You can use the following techniques to capture snapshots of your Cloud Dataprep application work in progress.
Make a copy
You can make a copy of individual recipes and flows.
NOTE: Copied recipes and datasets are independent objects and do not continue to inherit any changes in the original.
In Flow View, click the context menu and select Make a copy.
In Flow View, select a recipe to duplicate. In the right panel, select Make a copy from the context menu. You can link the recipe to the same inputs or to no inputs.
NOTE: This recipe is still available to all who have access to the flow. If needed, select Move to relocate the copied recipe to another flow to which other users do not have access.
Select the copied recipe and click Edit Recipe to begin working with the recipe in the Transformer page.
See Flow View Page.
Download Work in Progress
From the Recipe panel in the context panel, you can download your work in progress, including the recipe and the dataset sample as reflected in the current recipe step.
Download Sample Data
From the Transformer page, you can download the dataset sample as it is currently reflected in the Transformer page.
NOTE: A sample downloaded from the Transformer page reflects all recipe steps up to the step that is currently selected. Steps that occur after the current one are not applied to the dataset sample.
Tip: You can use this as a work-in-progress backup if you select the final step of the recipe and if the dataset sample represents the entire dataset.
From the Recipe panel, click the context menu and select Download Sample data as CSV.
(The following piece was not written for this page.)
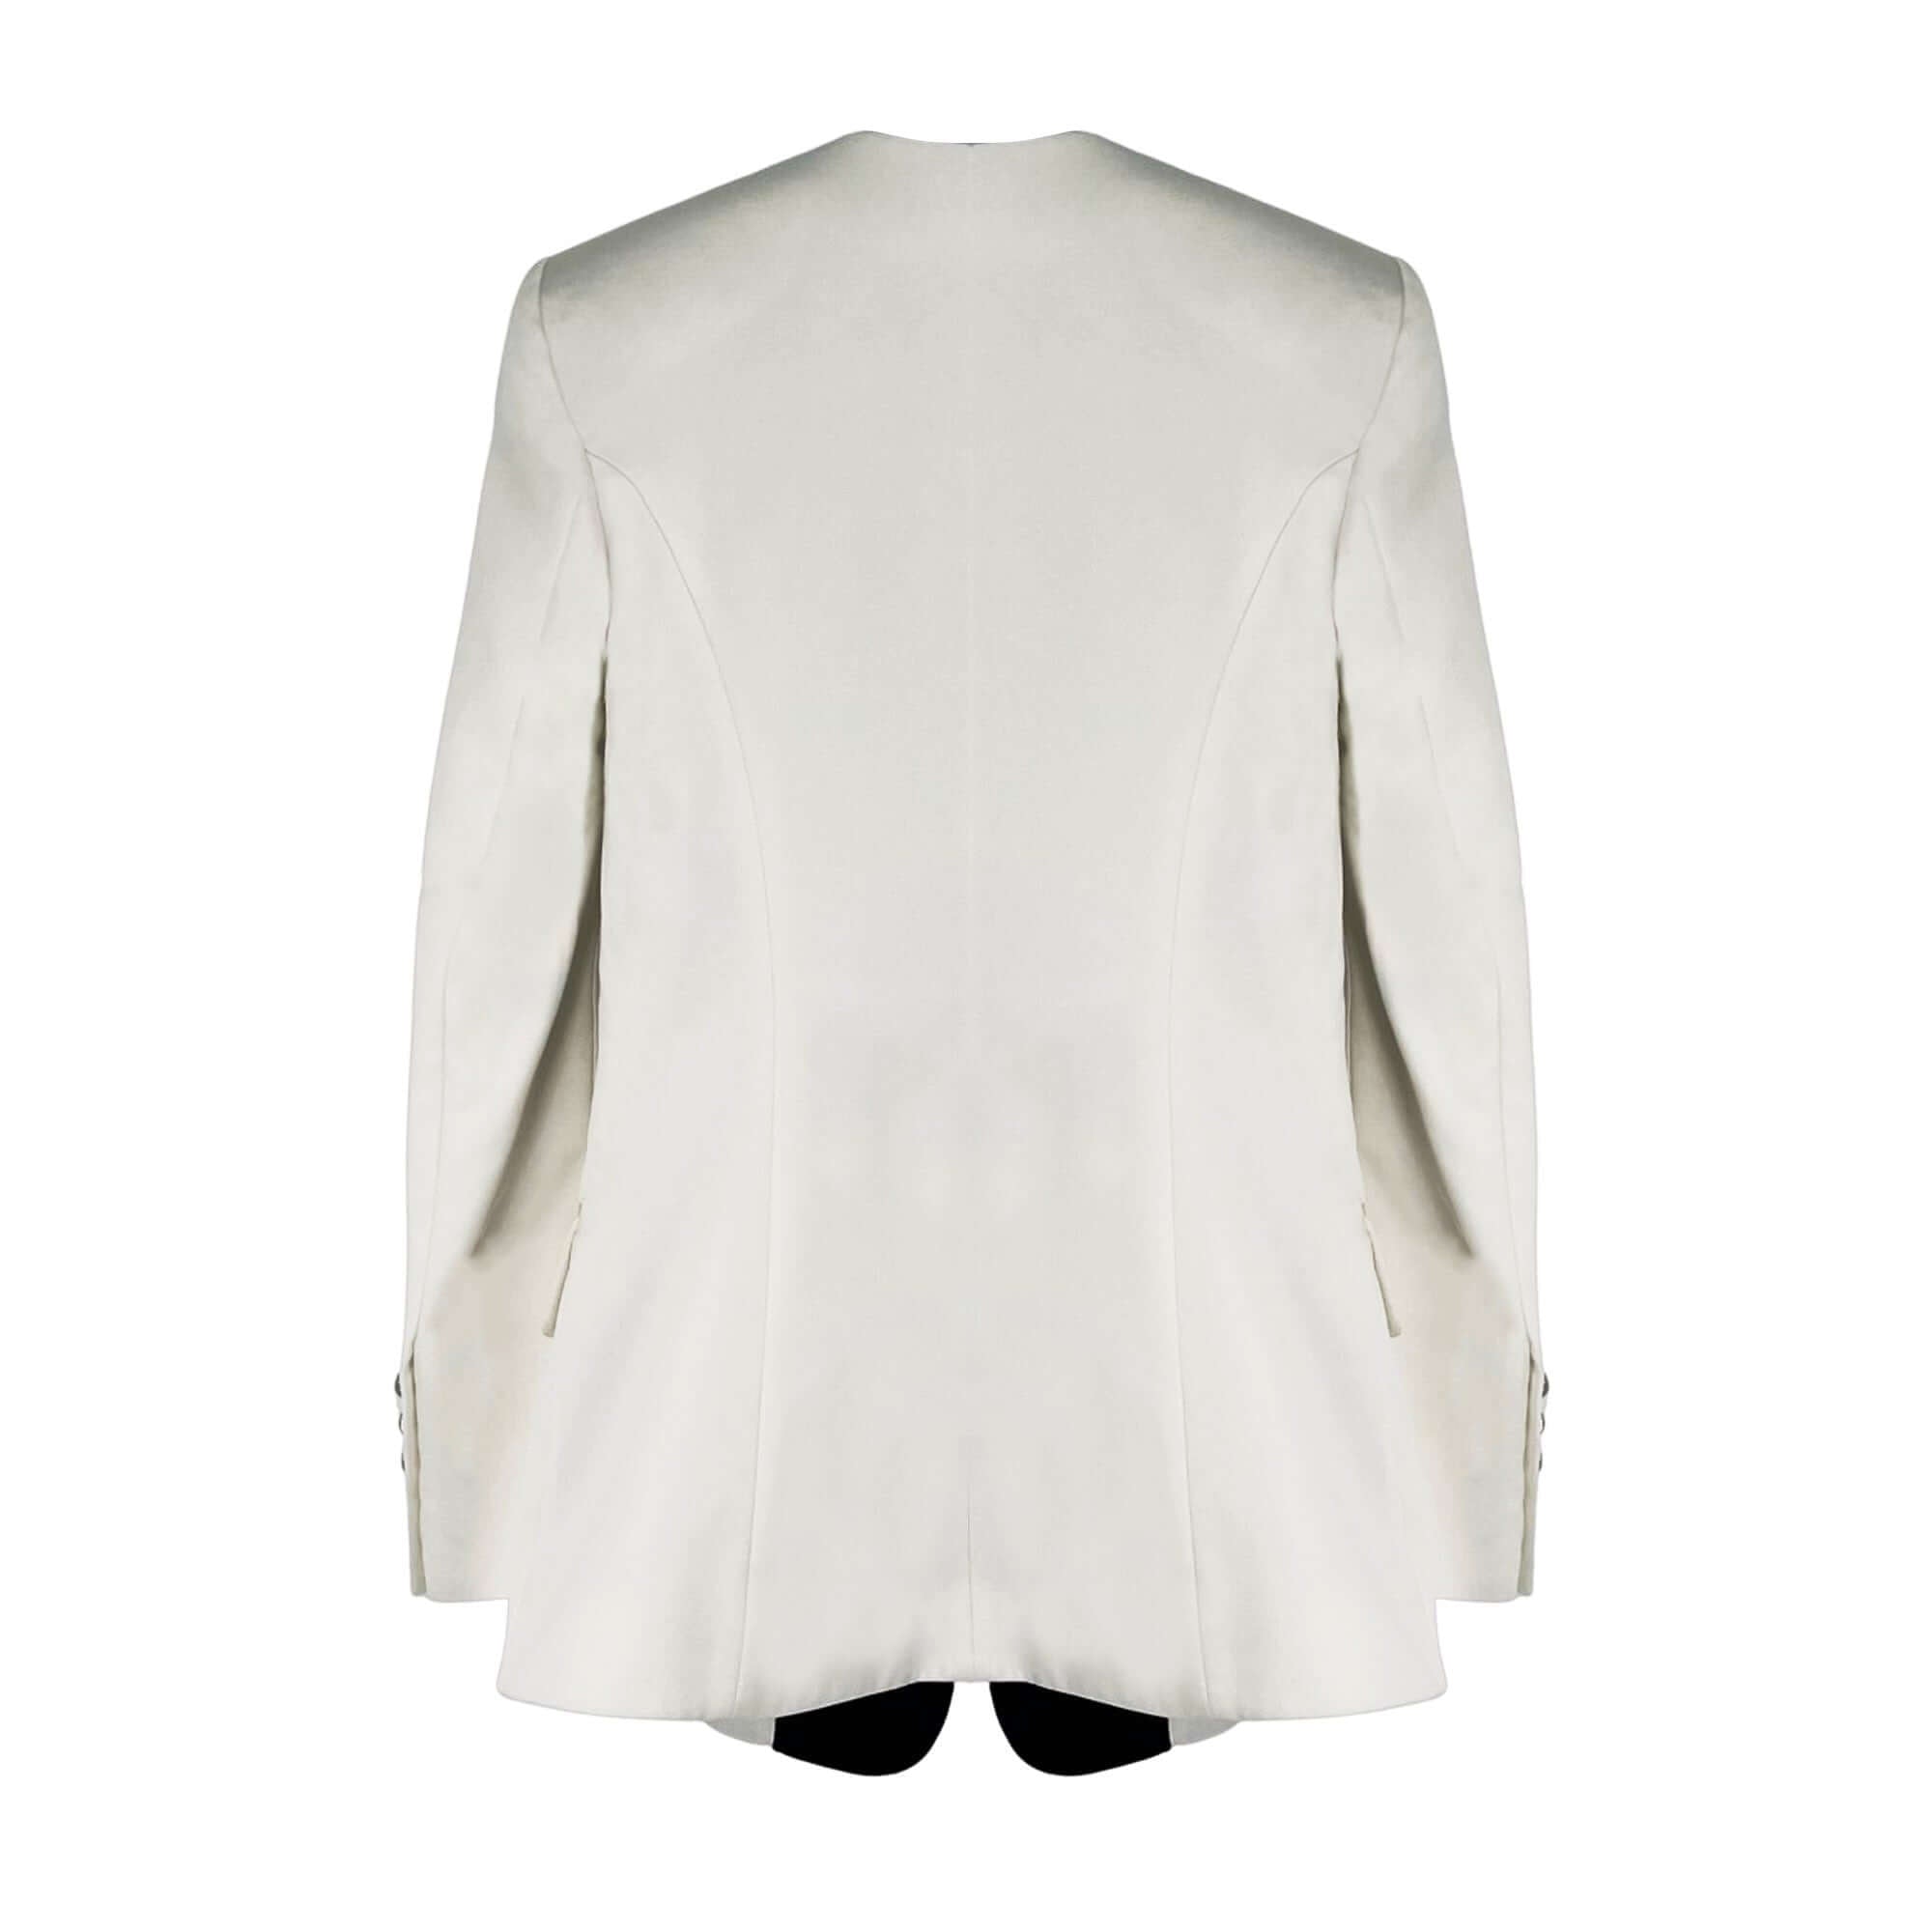 Balmain Black Paris white tuxedo blazer jacket

The CSV file is written to your desktop.
In the Recipe panel, click the context menu and select Download recipe as Wrangle .
The entire recipe is downloaded to your desktop as a text file.
Tip: If you are attempting to capture the recipe as a work-in-progress of the dataset sample, you can just delete the steps that aren't executed from the downloaded file.
See Recipe Panel.
Backups of the Cloud Dataprep databases (flows, recipes, and other metadata) and source datastores (imported datasets) should be executed according to your enterprise requirements.